• [Collected data]:
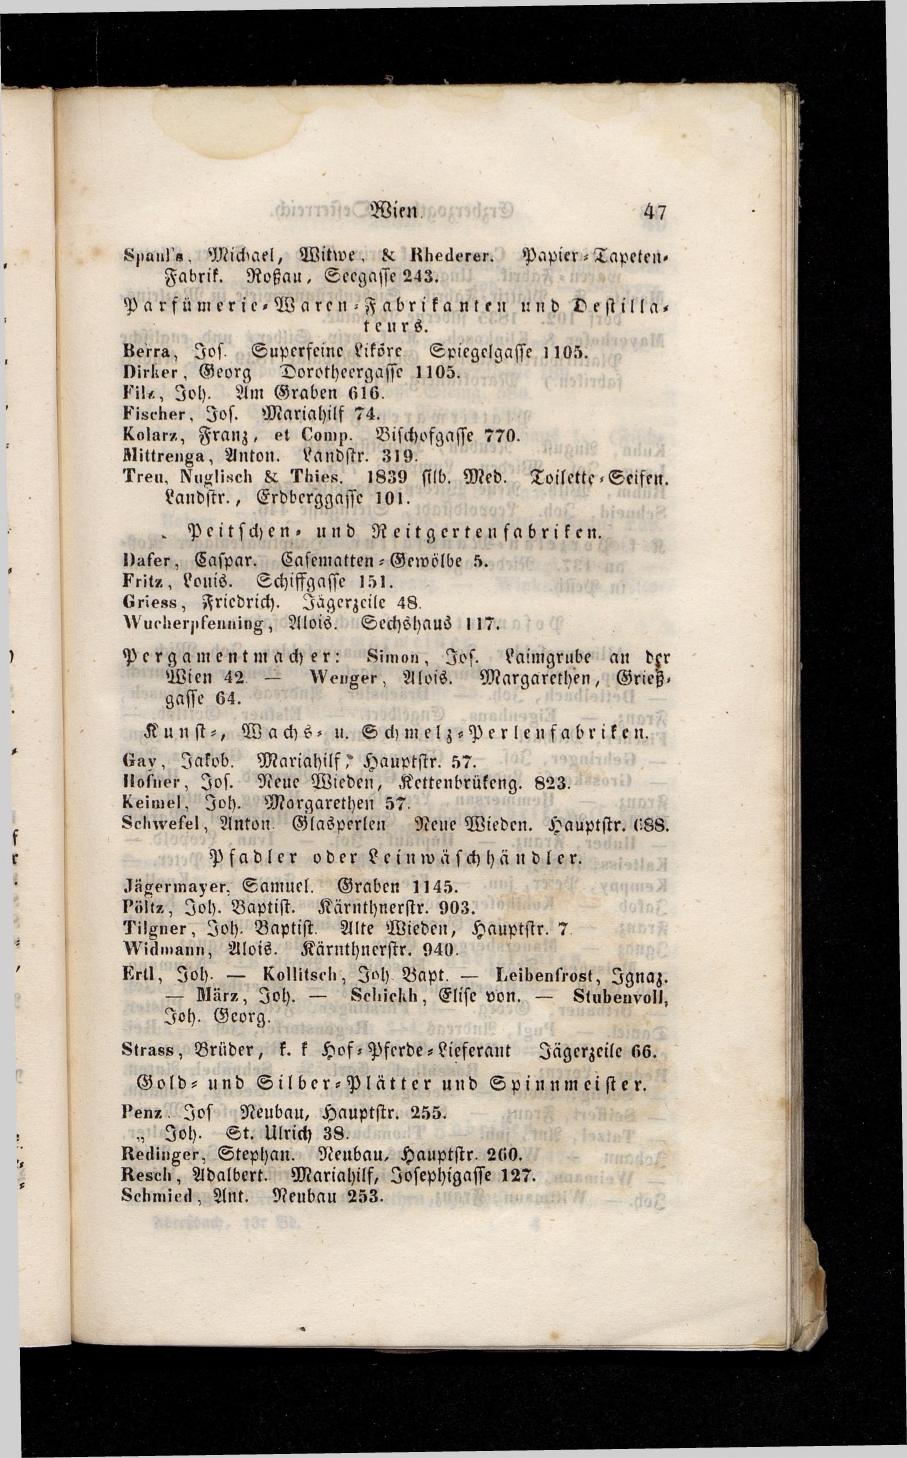 Grosses Adressbuch der Kaufleute. No. 13. Oesterreich ober u. unter der Enns 1844 - Seite 51
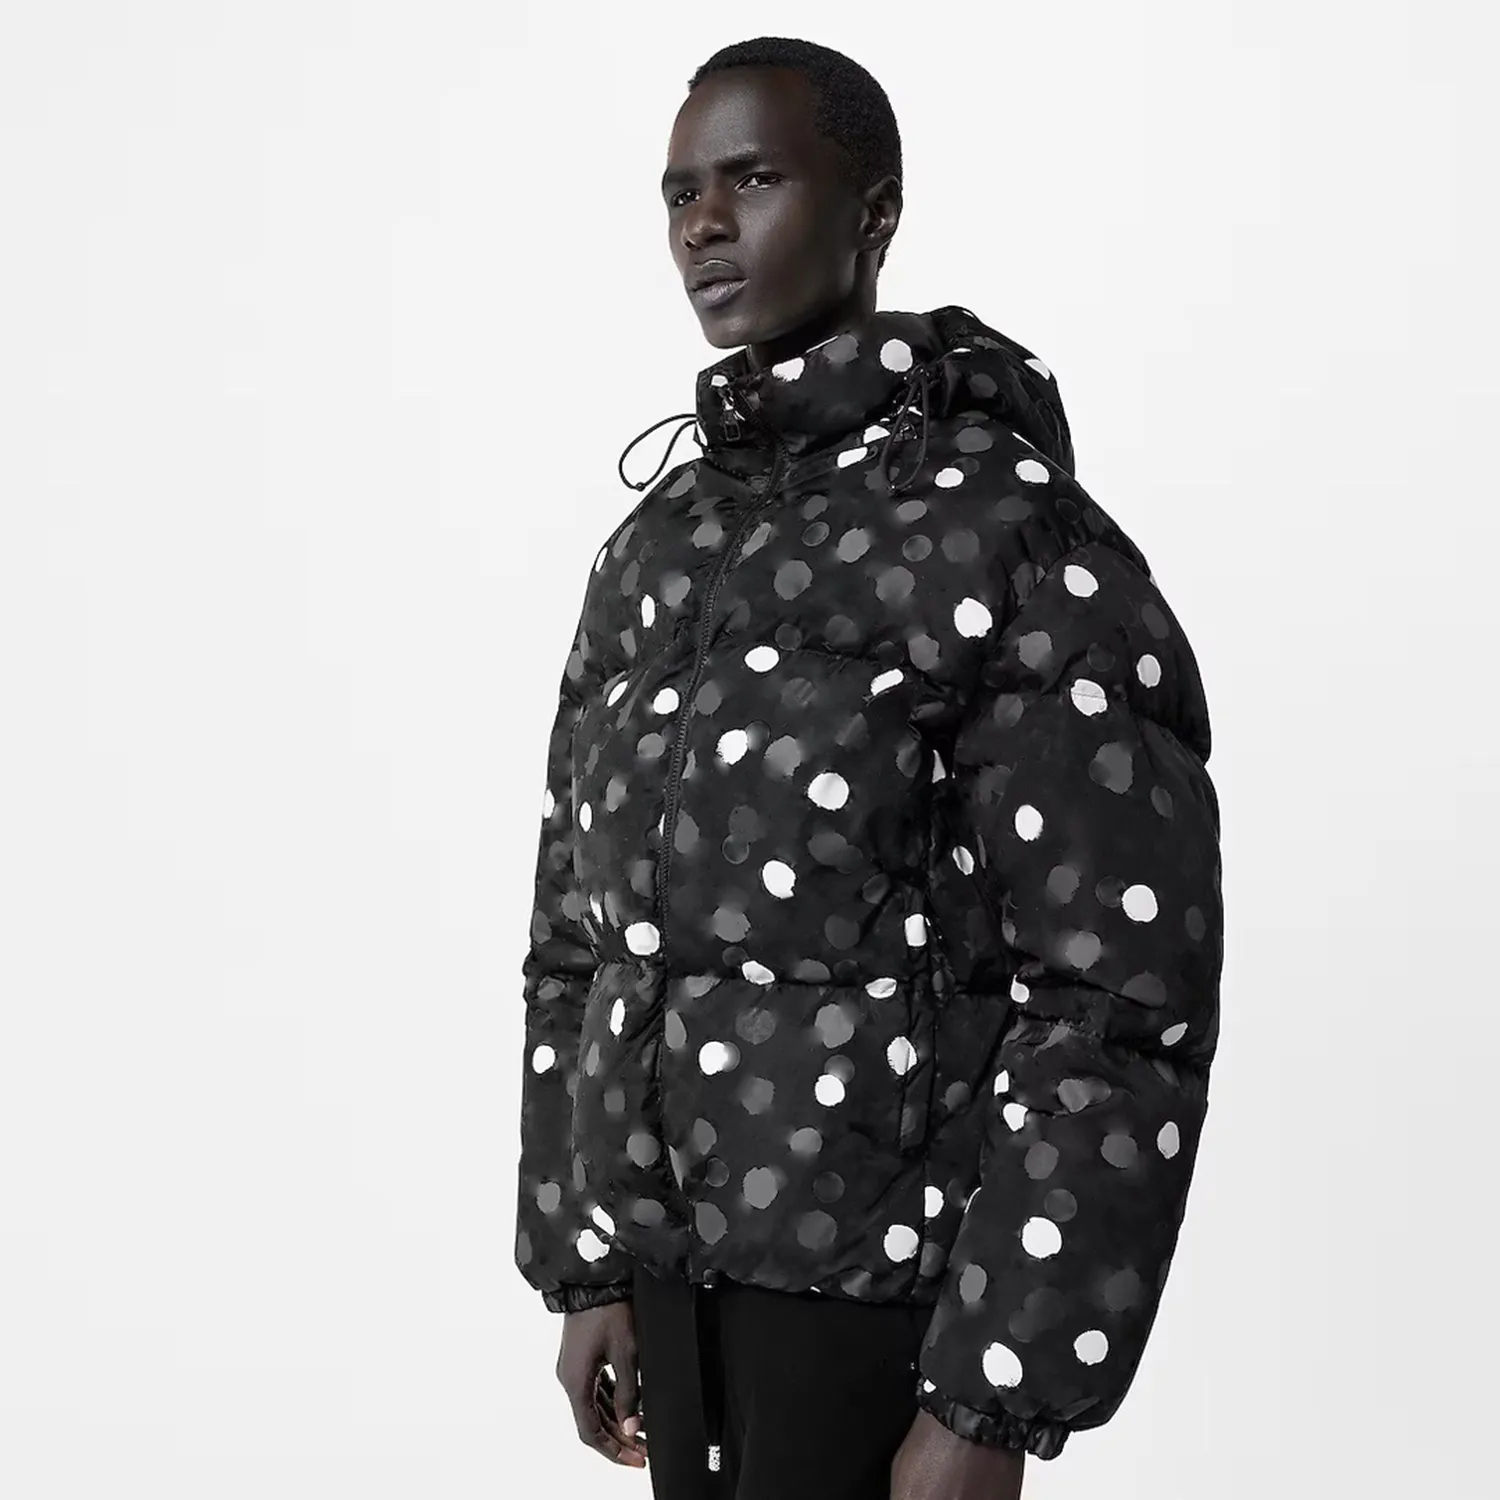 Jaqueta masculina com capuz DUYOU YK Look 02 apresenta um blouson envolvente destacando a jaqueta emblemática de pontos pintados dos artistas D |
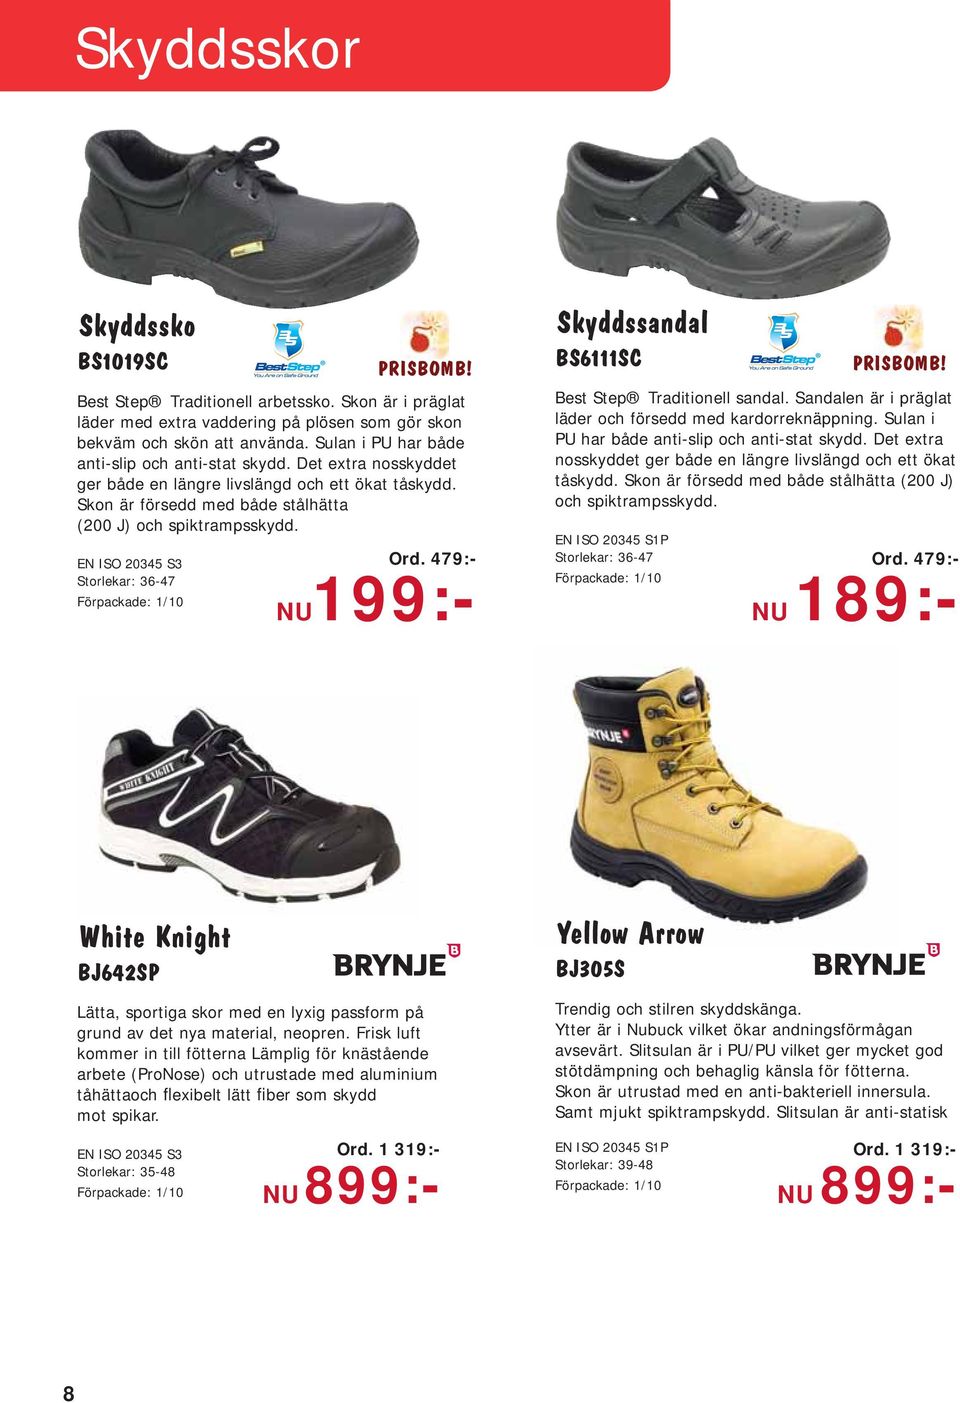 EN ISO 20345 S3 Storlekar: 36-47 Ord. 479:- Ord. 479:- NU199:- Skyddssandal BS6111SC Best Step Traditionell sandal. Sandalen är i präglat läder och försedd med kardorreknäppning.

• [Task]: Reproduce verbatim every line starting at the line that holds "Jaqueta masculina com" and ending with the final line of the data; omit the pictures.

• [Task result]:
 Jaqueta masculina com capuz DUYOU YK Look 02 apresenta um blouson envolvente destacando a jaqueta emblemática de pontos pintados dos artistas D |
 EN ISO 20345 S3 Storlekar: 36-47 Ord. 479:- Ord. 479:- NU199:- Skyddssandal BS6111SC Best Step Traditionell sandal. Sandalen är i präglat läder och försedd med kardorreknäppning.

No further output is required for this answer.